Most work on emergent communication uses referential games — Lewis signaling, Rosetta-stone setups, cooperative navigation. The languages that emerge in those settings are real but narrow: they're solutions to a specific optimization problem, not open-ended systems that could support reasoning about novel concepts.
The bet here is different. If you build a world with:
- Genuine scarcity (agents die without food)
- Information asymmetry (no two agents see exactly the same things)
- Combinatorial discovery (crafting recipes you don't know a priori)
- A persistent writing substrate (bytes on the ground that stay there)
- A transient speech substrate (audio that decays)
- Heterogeneous "species" that must coordinate across different roles
...then some form of communication should be instrumentally useful. And if communication is useful, selection will favor it. The long-term hope is that language in this setting won't just be a one-task code — it will carry information about the world that agents can recombine, store, and pass along. That's the substrate on which reasoning can grow.

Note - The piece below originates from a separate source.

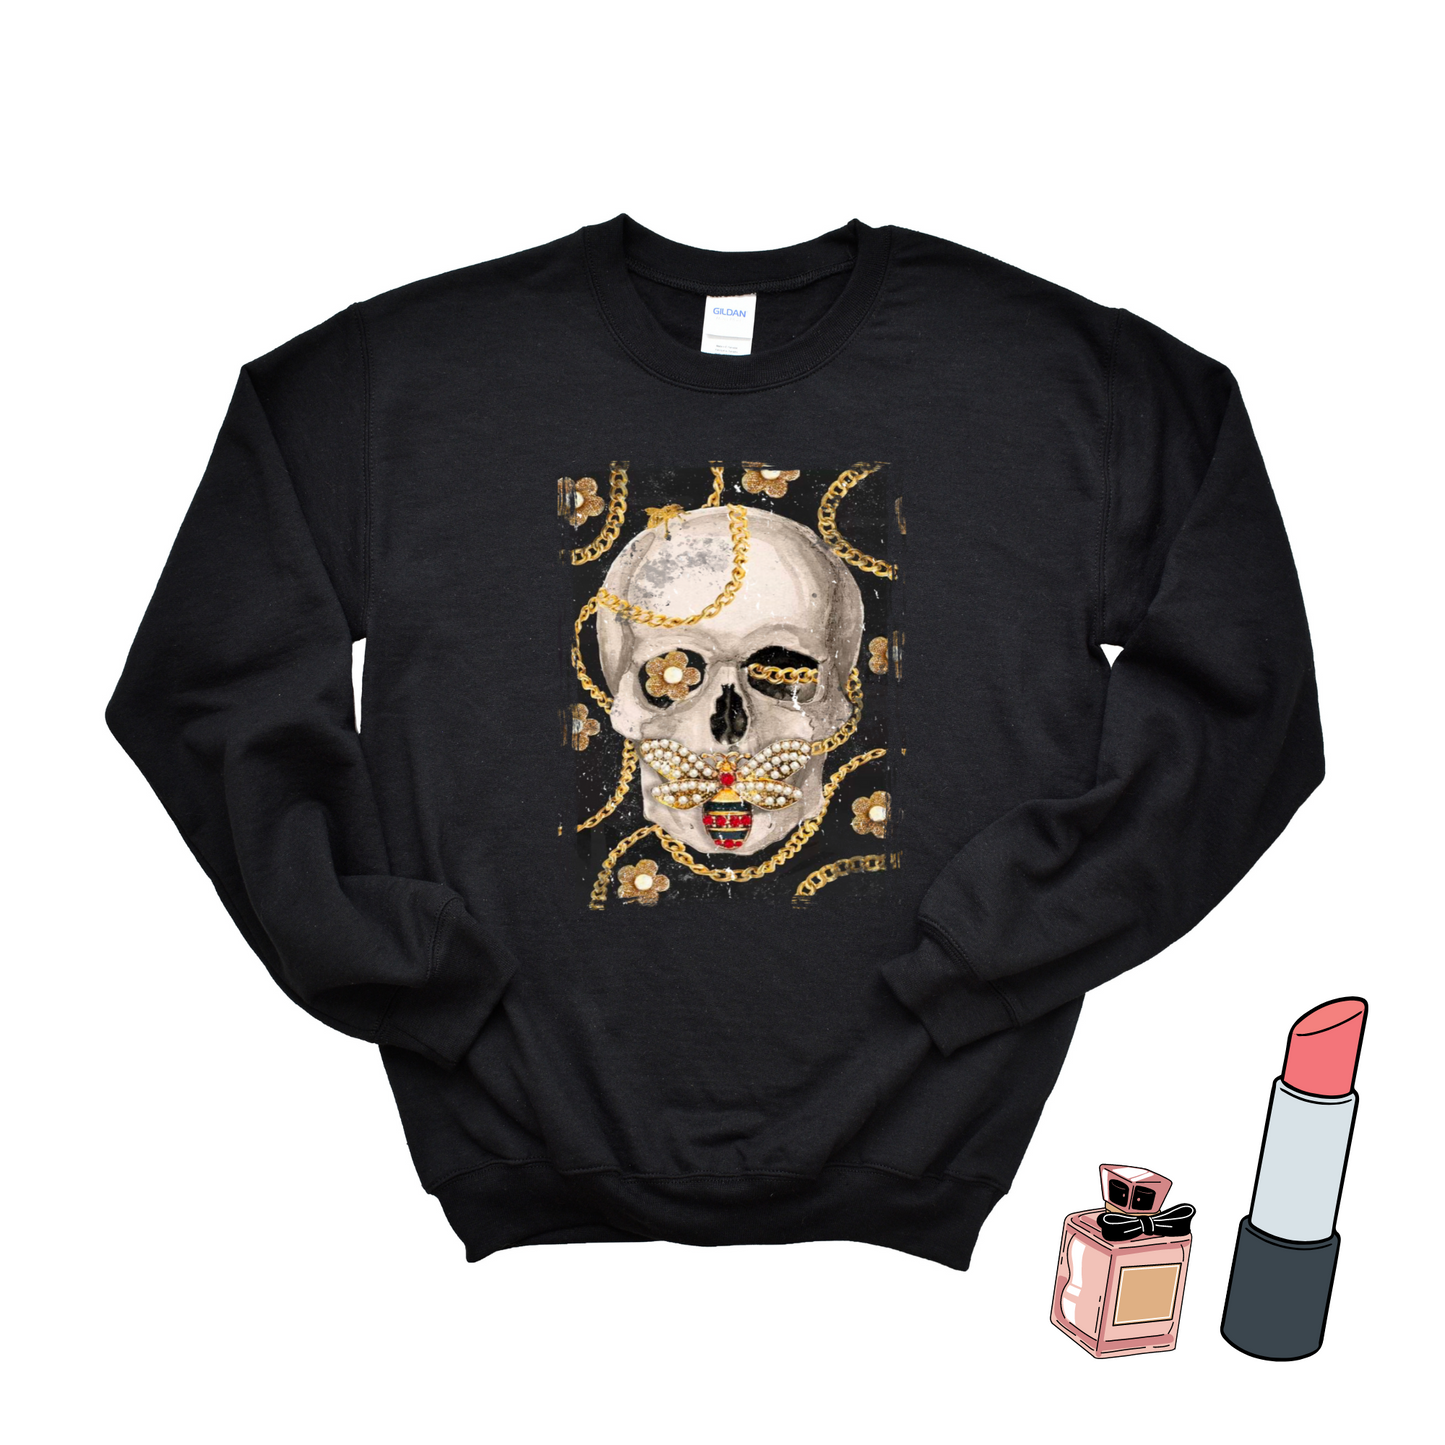 Bee & Skull Graphic Crew Neck Sweater

We're very far from that. But the project aims at it seriously rather than hand-waving at it, and the code is designed to make each next experiment cheap.
A single self-contained JAX program (byte_multi_agent_v2.py) that implements:
World. A 64×64 byte grid with an arena, containing food, seeds (regrow into food), rocks, water, writing letters (a–z), tools, and agents. Everything is a byte. The display is ASCII.
Agents. Up to 8 agents per environment, each with energy (die at 0), a 4-slot inventory, a 15×15 vision crop centered on them, an audio channel hearing nearby agents' recent speech, and a GRU hidden state that persists across ticks. Actions: move, speak (27 tokens), write persistent bytes on the ground (27 tokens), pickup/use/drop tools, choose inventory slot.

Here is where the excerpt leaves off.